The latest report from the Montpellier Panel "The Farms of Change," details the most impactful and cost-effective investments for climate adaptation available today.
Micro-insurance, for example, aided by technological advances in satellite imagery and mobile phones, offers promise to farmers and pastoralists that may lose their crops or flock to climate stresses and shocks such as drought. ACRE, formerly known as Kilimo Salama, bundles insurance with loans for seeds, fertiliser and extension services. If rainfall amounts measured at weather stations drops below a certain level, a payout is triggered via a mobile money platform direct to the pocket of smallholders.
More cost-effective still, are adaptation programmes that also reduce agriculture's own contribution to climate change.
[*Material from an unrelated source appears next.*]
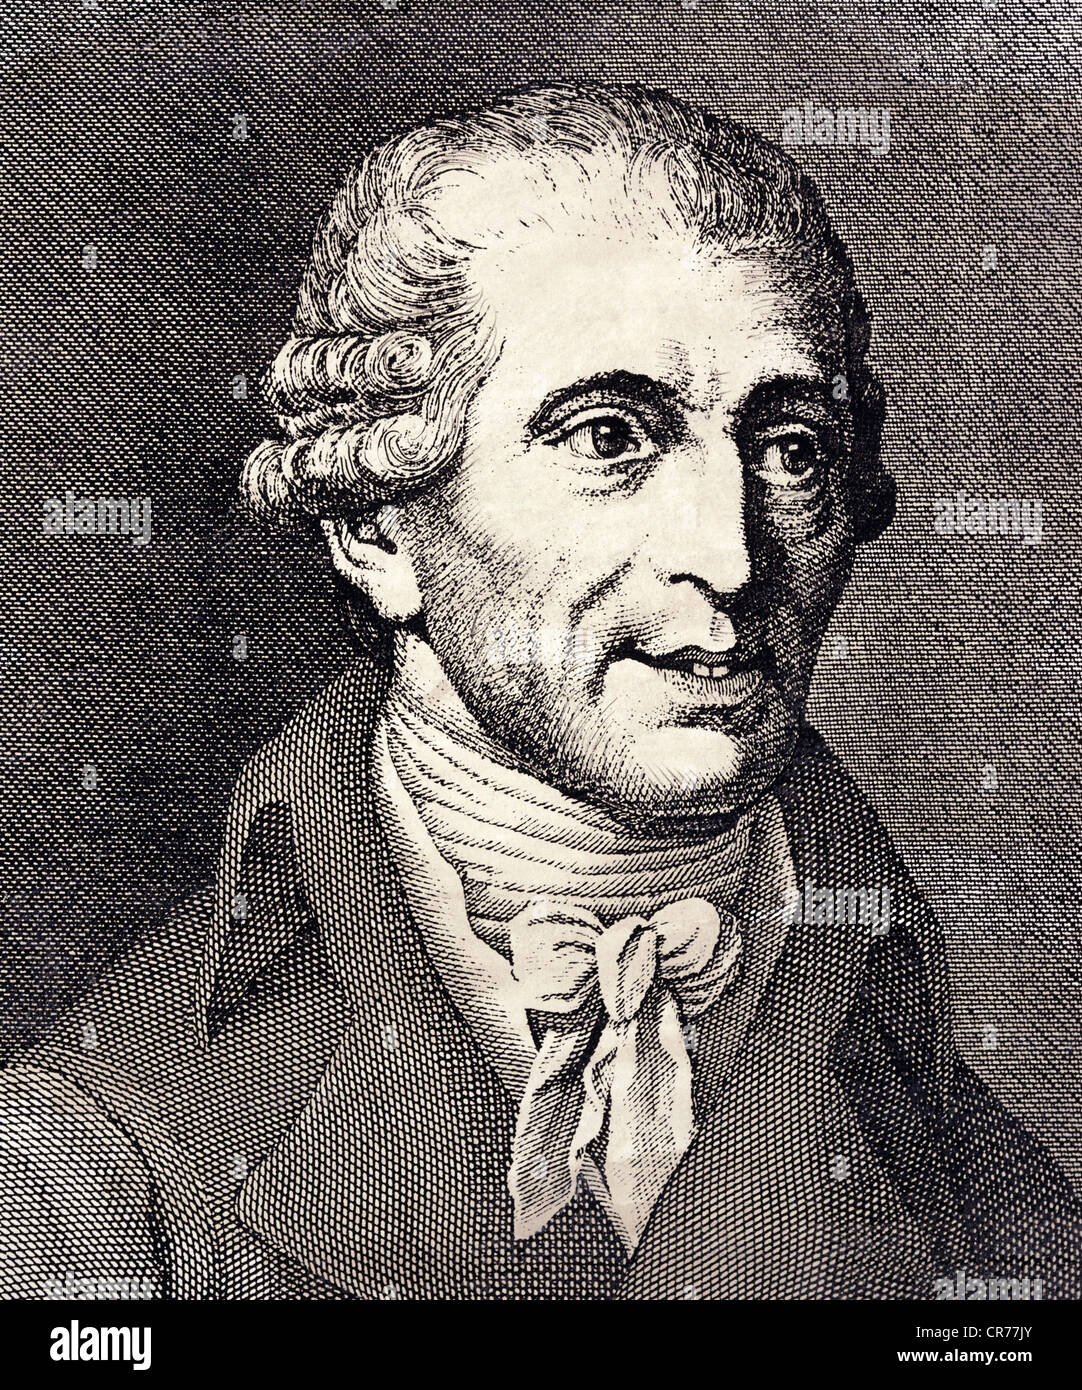 Haydn, Joseph, 31.3.1732 - 31.5.1809, Austrian composer, portrait, copper engraving, late 18th century, Artist's Copyright has not to be cleared Stock Photo

Building stronger and healthier soils that can regenerate faster after climatic stresses and even sequester and store carbon, can be accomplished by a variety of means. These include no-till farming, manure and sludge application, improved grazing, and agroforestry. In fact, agroforestry systems can capture carbon in the range of two to four tonnes per hectare per year.
Leaders must strike before the market gets hot
First, investments need scaling up. But these investments also need to be tailored to the needs smallholder farmers. Traditionally finance is channelled through national governments, but to ensure this funding reaches smallholders, the funds should go through local government, or even go directly to the farmer. This will require a higher degree of risk tolerance.
Second, carbon markets and carbon credit programmes could also be structured to reward smallholders for reducing emissions. For example, the Kenya Agricultural Carbon Project (KACP) supports 60,000 farmers on 45,000 hectares to increase the organic matter in their soils. In January 2014 the project issued its first carbon credits for sequestering carbon in soil. The carbon credits represent a reduction of 24,788 tonnes of CO₂, equivalent to annual emissions from 5,164 vehicles. Results so far show that sustainable land management can help increase farmers' yields between 15% and 20%. Carbon is reduced and food security preserved - clearly a sound investment.
Political leadership at the forthcoming Paris climate talks is going to be crucial. Leaders have a window of opportunity to raise the necessary funds and avert these impending crises. Agriculture and farmers contribute to climate change, but they can also be part of the solution. Achieving a 2˚C future in which Africa prospers, instead of plunging back into poverty will be near impossible if countries and investors do not leverage the potential of Africa's vast agriculture sector and its millions of smallholder farmers. It's time to make the climate-smart investments now before Africa becomes too hot to handle.